Significant neurologic disease due to Brucella species requires prolonged treatment (i.e., for 3–6 months), usually with ceftriaxone supplementation of a standard regimen. Brucella endocarditis is treated with at least three drugs (an aminoglycoside, a tetracycline, and rifampin), and many experts add ceftriaxone and/or a fluoroquinolone to reduce the need for valve replacement. Treatment is usually given for at least 6 months, and clinical endpoints for its discontinuation are often difficult to define. Surgery is still required for the majority of cases of infection of prosthetic heart valves and prosthetic joints.

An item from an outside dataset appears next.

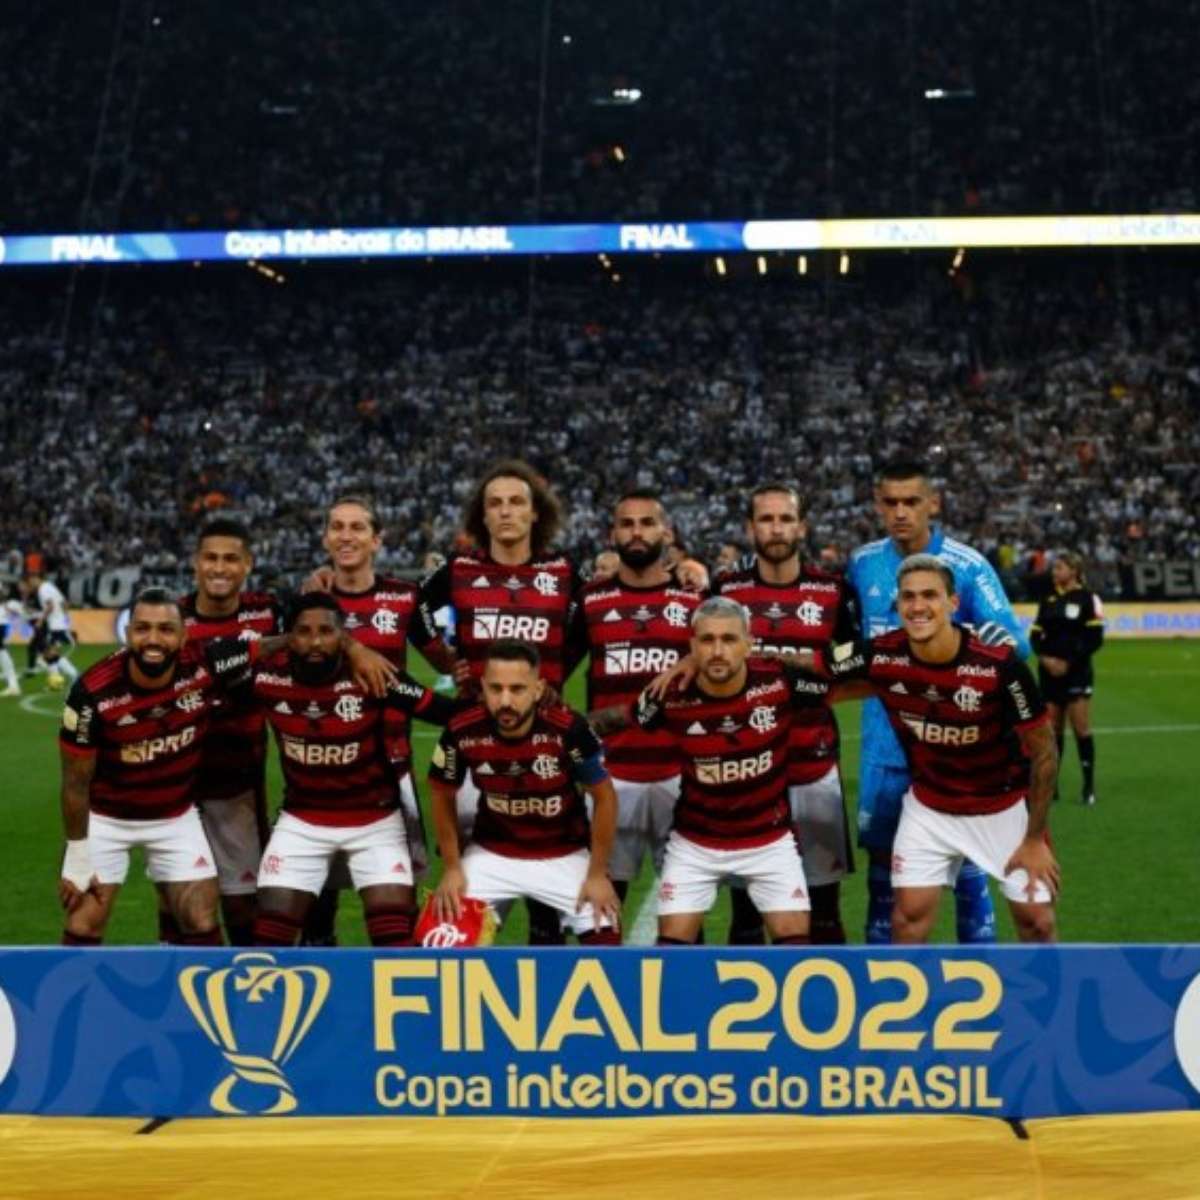 Domingo, na final da Copa do Brasil, Flamengo e São Paulo, feijoada grátis  na República - AcreNews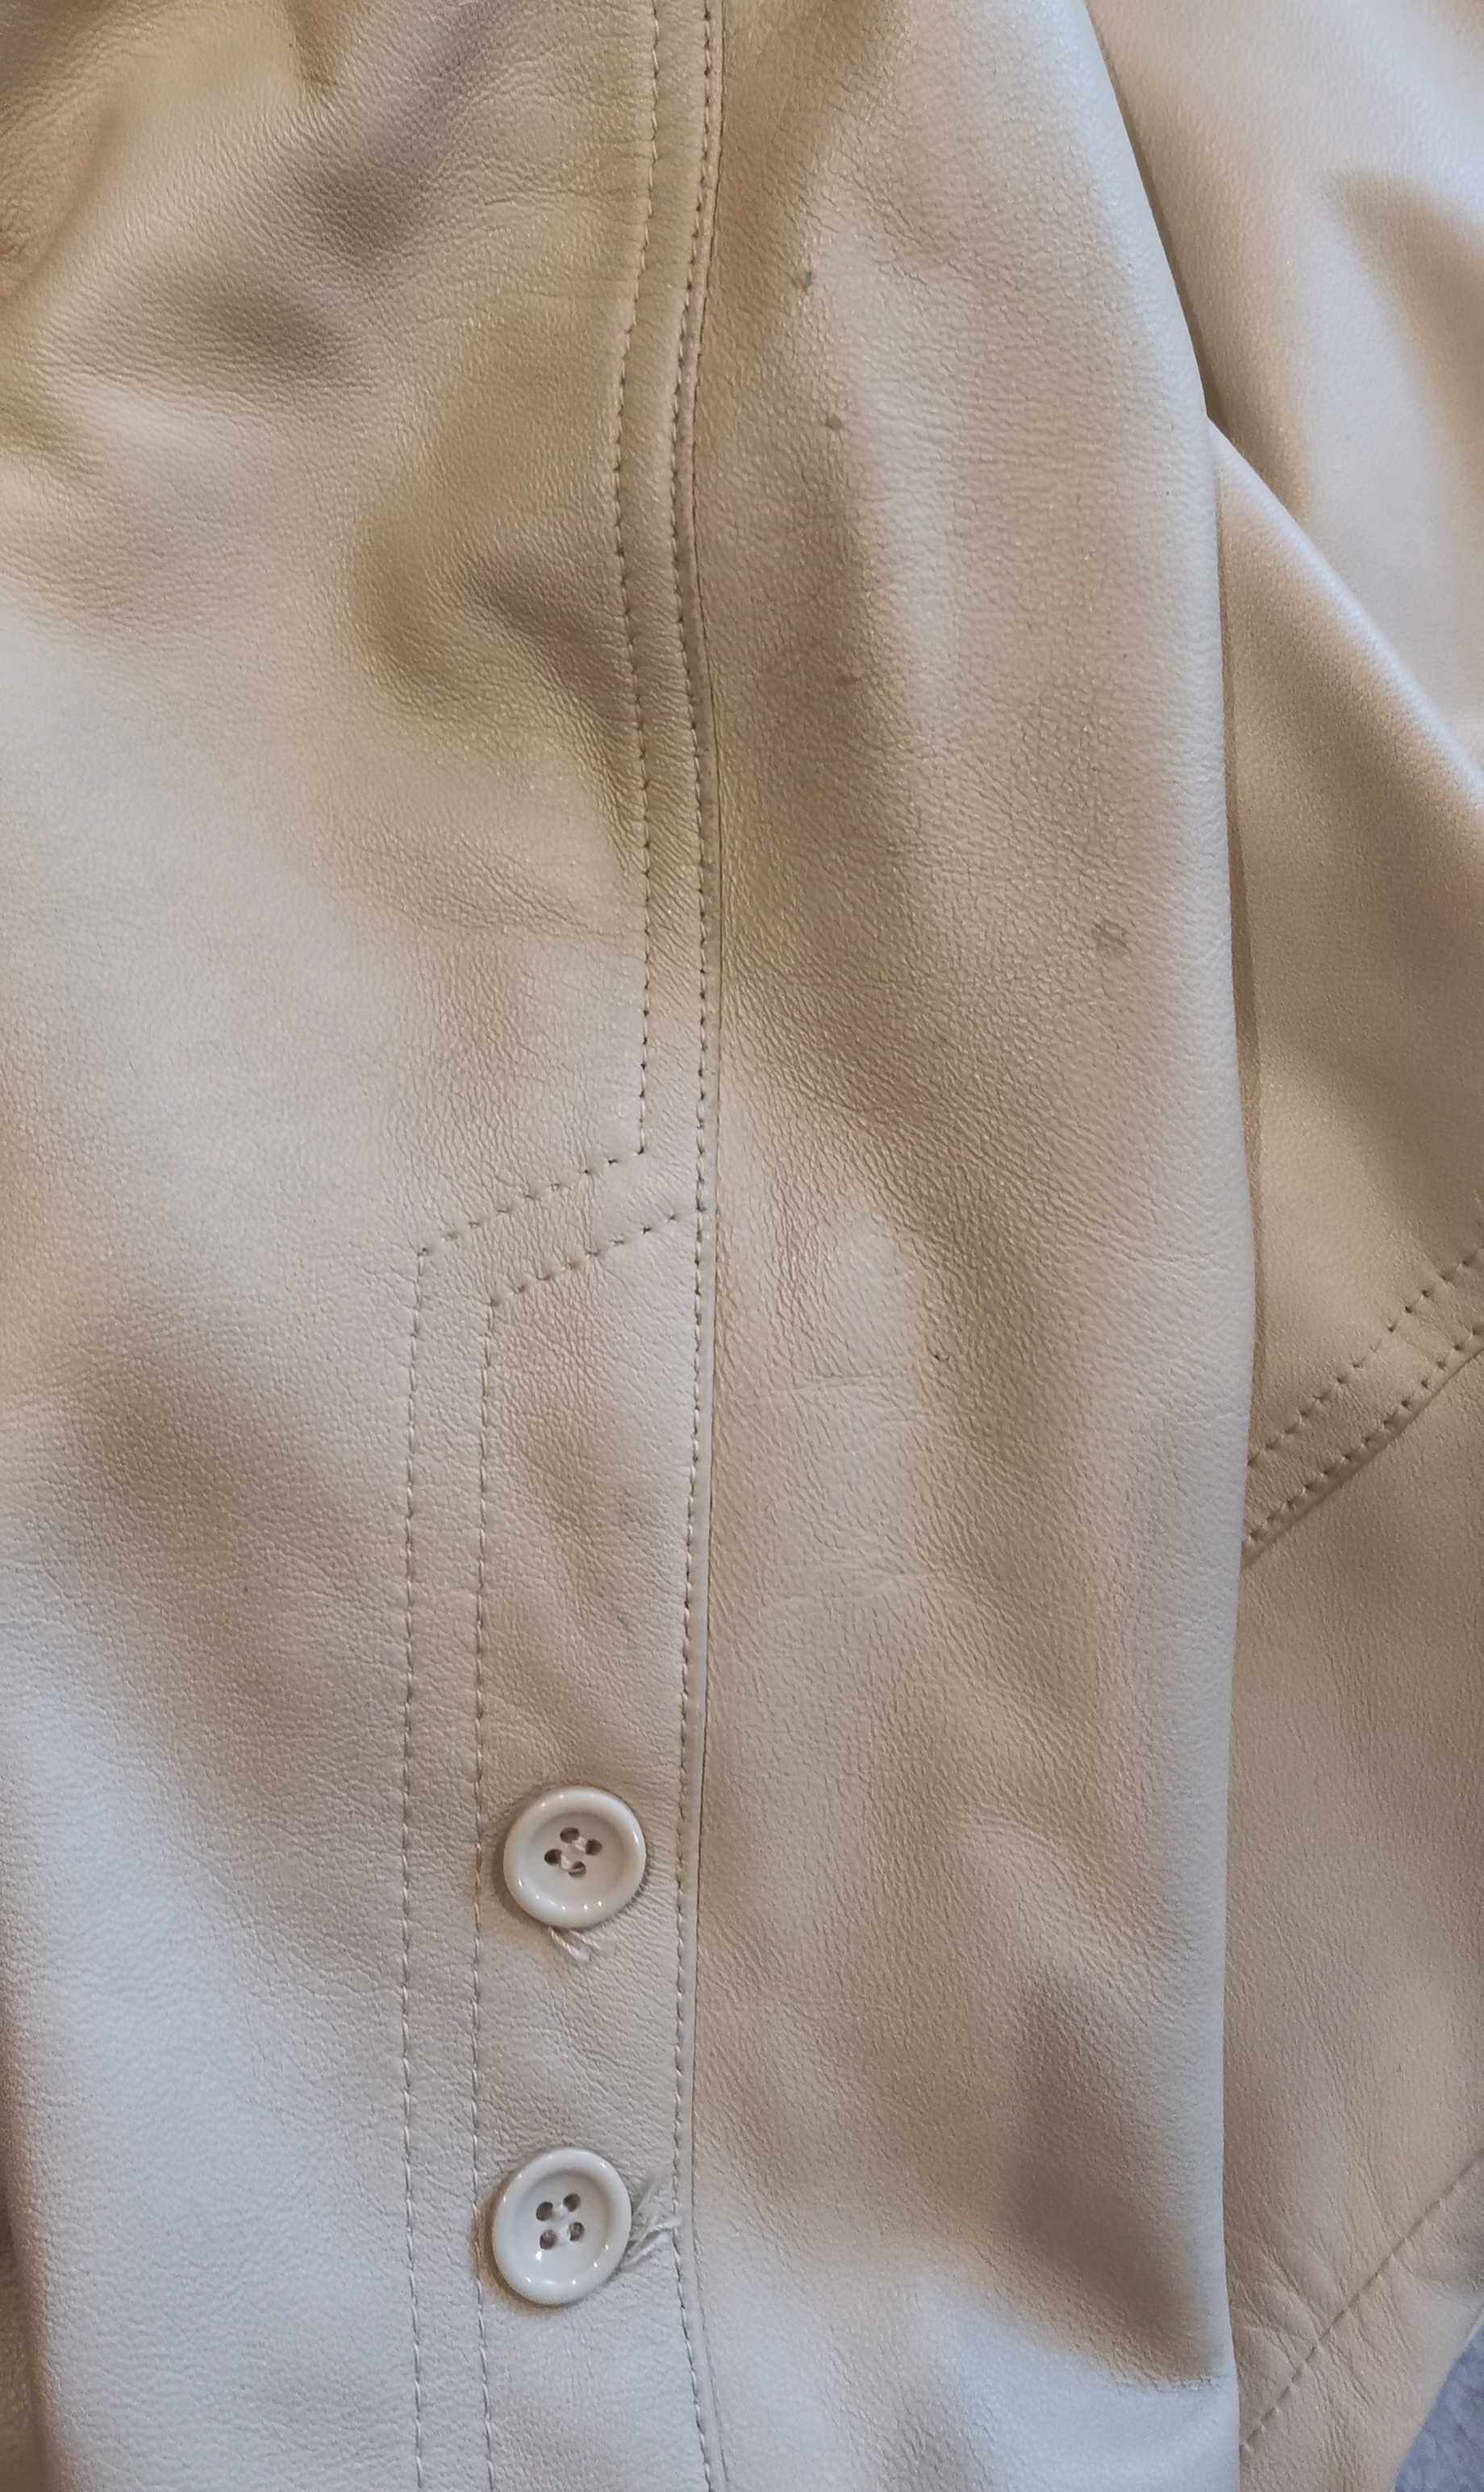 Женская куртка, натур. кожа,SASSO Италия, размер 42

There is no evidence base to guide prophylaxis after exposure to Brucella organisms (e.g., in the laboratory), inadvertent immunization with live vaccine intended for use in animals, or exposure to deliberately released brucellae. Most authorities have recommended the administration of rifampin plus doxycycline for 3 weeks after a low-risk exposure (e.g., an unspecified laboratory accident) and for 6 weeks after a major exposure to aerosol or injected material. However, such regimens are poorly tolerated, and doxycycline monotherapy of the same duration may be substituted. (Monotherapy is now the standard recommendation in the United Kingdom but not in the United States.) Rifampin should be omitted after exposure to vaccine strain RB51, which is resistant to rifampin but sensitive to doxycycline. After significant brucellosis exposure, expert consultation is advised for women who are (or may be) pregnant.
PROGNOSIS AND FOLLOW-UP
Relapse occurs in up to 30% of poorly compliant patients. Thus patients should ideally be followed clinically for up to 2 years to detect relapse, which responds to a prolonged course of the same therapy used originally. The general well-being and the body weight of the patient are more useful guides than serology to lack of relapse. IgG antibody levels detected by the standard agglutination test and its variants can remain in the diagnostic range for >2 years after successful treatment. Complement fixation titers usually fall to normal within 1 year of cure. Immunity is not solid; patients can be reinfected after repeated exposures. Fewer than 1% of patients die of brucellosis. When the outcome is fatal, death is usually a consequence of cardiac involvement; more rarely, it results from severe neurologic disease. Despite the low mortality rate, recovery from brucellosis is slow, and the illness can cause prolonged inactivity, with domestic and economic consequences.